Saturday, July 19, 2008

The Electric Car to the Rescue?

Tesla Motors has begun production of a 100% plug-in electric car. The Tesla Roadster is not what most people think of when they hear the term “electric car”. The Roadster goes from 0 to 60 in under 4 seconds. Its peak torque begins at 0 rpm and stays strong at 13,000 rpm, which is very different from gasoline engines that have little torque at a low rpm. It has a top speed of 125 mph. It can travel about 220 miles per battery charge. Charging the battery takes about 3.5 hours. Useful battery life is estimated to be about 100,000 miles.

The Tesla Roadster costs about $100,000, which puts it out of reach for all but a select few. However, the company is expected to introduce a 4 door, 5 passenger sports sedan in 2010 with a price tag around $60,000, making it competitive with high-end Mercedes and BMWs. Tesla believes that over time the technology will improve to the point where a car like the sedan could be sold for as little as $30,000.

Tesla Motors isn’t the only company introducing plug-in electric cars. Mitsubishi said that is will launch its MiEV plug-in electric in Japan next year. The compact car has a top speed of about 80 mph and can travel about 100 miles on a single charge. The price is expected to be about $30,000.

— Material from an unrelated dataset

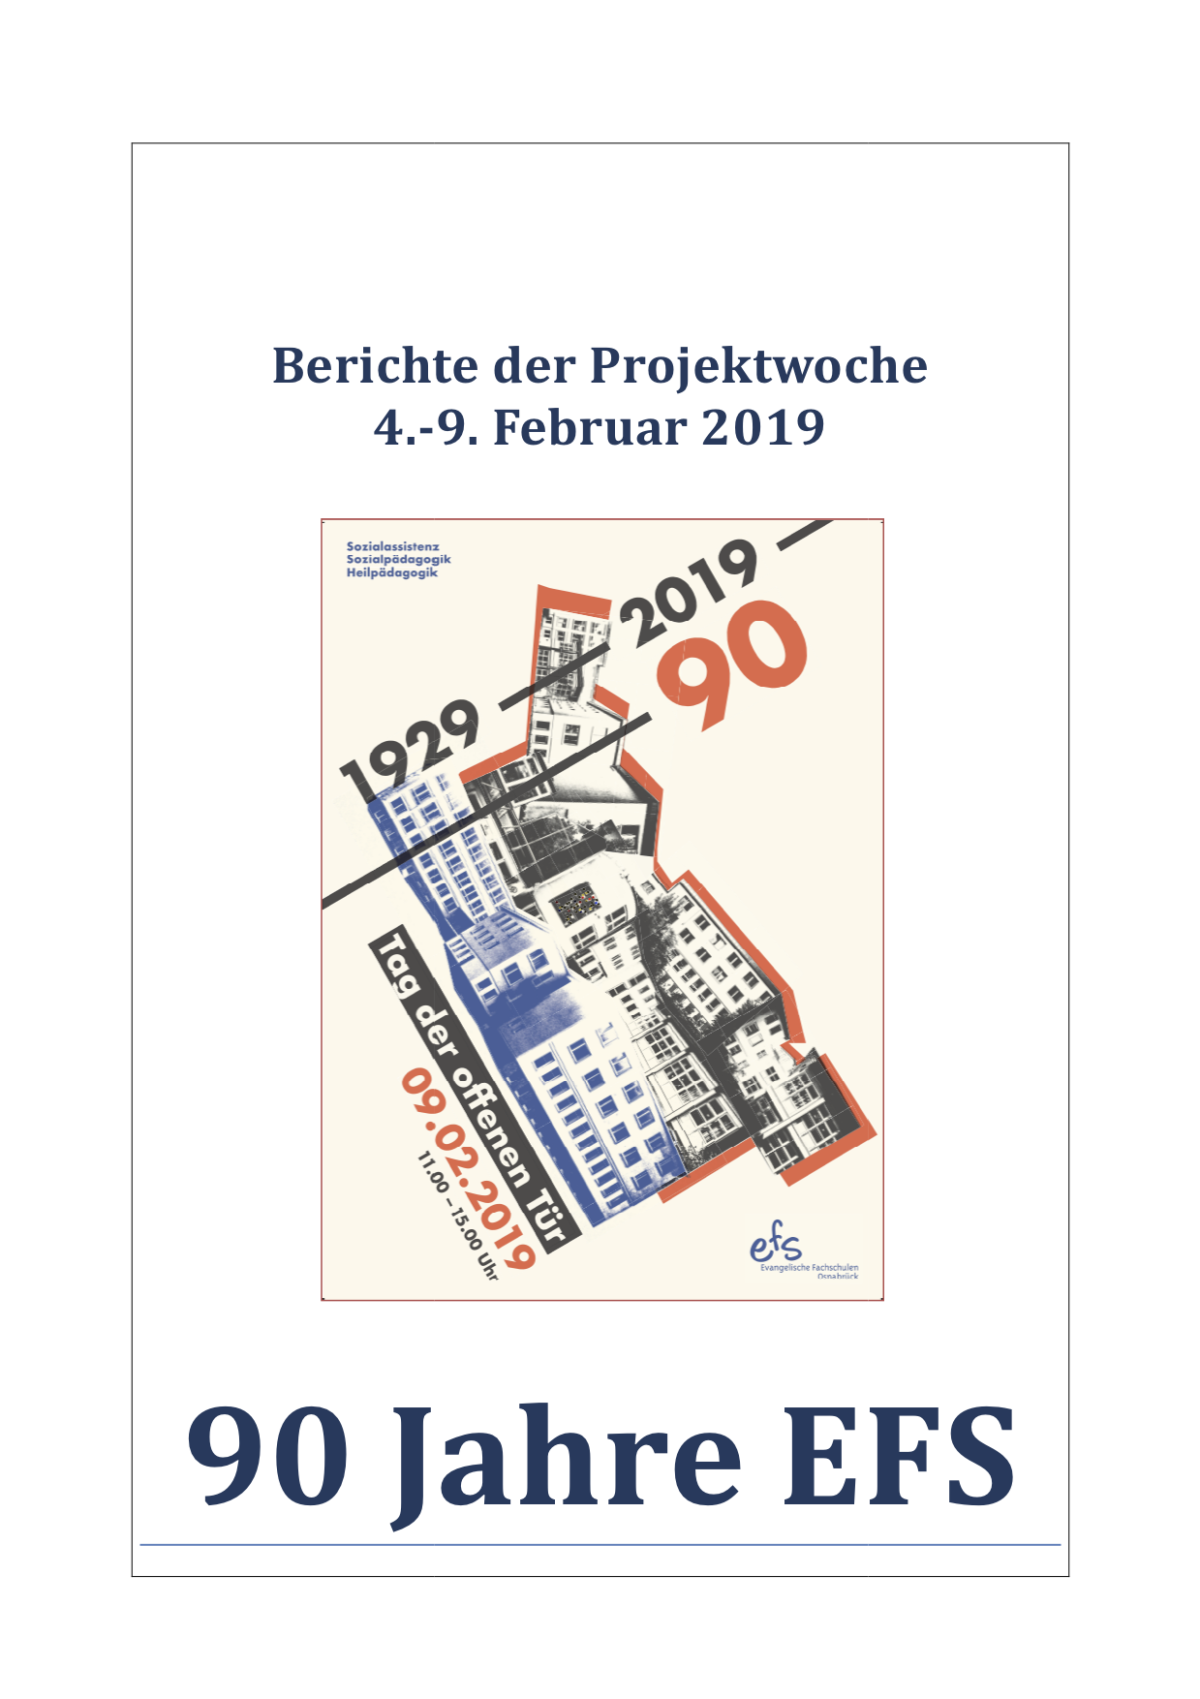 Dokumentation der Projektwoche „90 Jahre EFS“ fertig!

General Motors is gearing up to introduce a plug-in hybrid – the Chevy Volt, which can travel up to 40 miles on a single charge. The Volt will also come with a small gasoline engine that engages to charge the battery when it runs down. Since 80% percent of American commuters drive less than 40 miles each day, a Volt driver might need only to fill up his tank with gasoline a few times a year.

Plug-in electrics might be one of the long-term solutions to our transportation needs, or they might just be a transitory technology on the road to fuel-cell electrics, which are powered by hydrogen and can be refueled like gasoline cars to support traveling long distances. Regardless, it’s great to see the market responding so vigorously to the problems we are facing with rising oil prices.

1 comment:

Anonymous said...

The Mitsubishi electric has been priced at $39,000, virtually the same as the Volt. Unfortunately, the Mits is a slow, ugly, car with $20,000 worth of batteries that might last only 4 years (Volt batteries are guaranteed for 10 years). It also can't reach any destinations more than 45 miles away, except for those unlikely occasions when a 6 hour rest stop is available before your return and a friendly outlet happens to be nearby. The Mits will make known to all the morons who believed the hundrds of lies in "Who Killed the Electric Car?" all those negative features that battery-only electrics have when they lack a practical battery. Plug-ins will rule until batteries gain fast rechargeability and are cheaper, about 60% cheaper. A 40 mile plug-in hybrid can accomplish virtually everything (often more) than a battery-only can and is all that is needed. There is no real need for battery-only cars. Plug-ins like the Volt can avoid over 95% current gasoline usage, while battery-onlies can avoid no more than around 95%. Regardless, 33% of current petroleum fuels will still be needed for trucks and boats, etc. Unless EEStor works, that ain't going to happen anytime soon.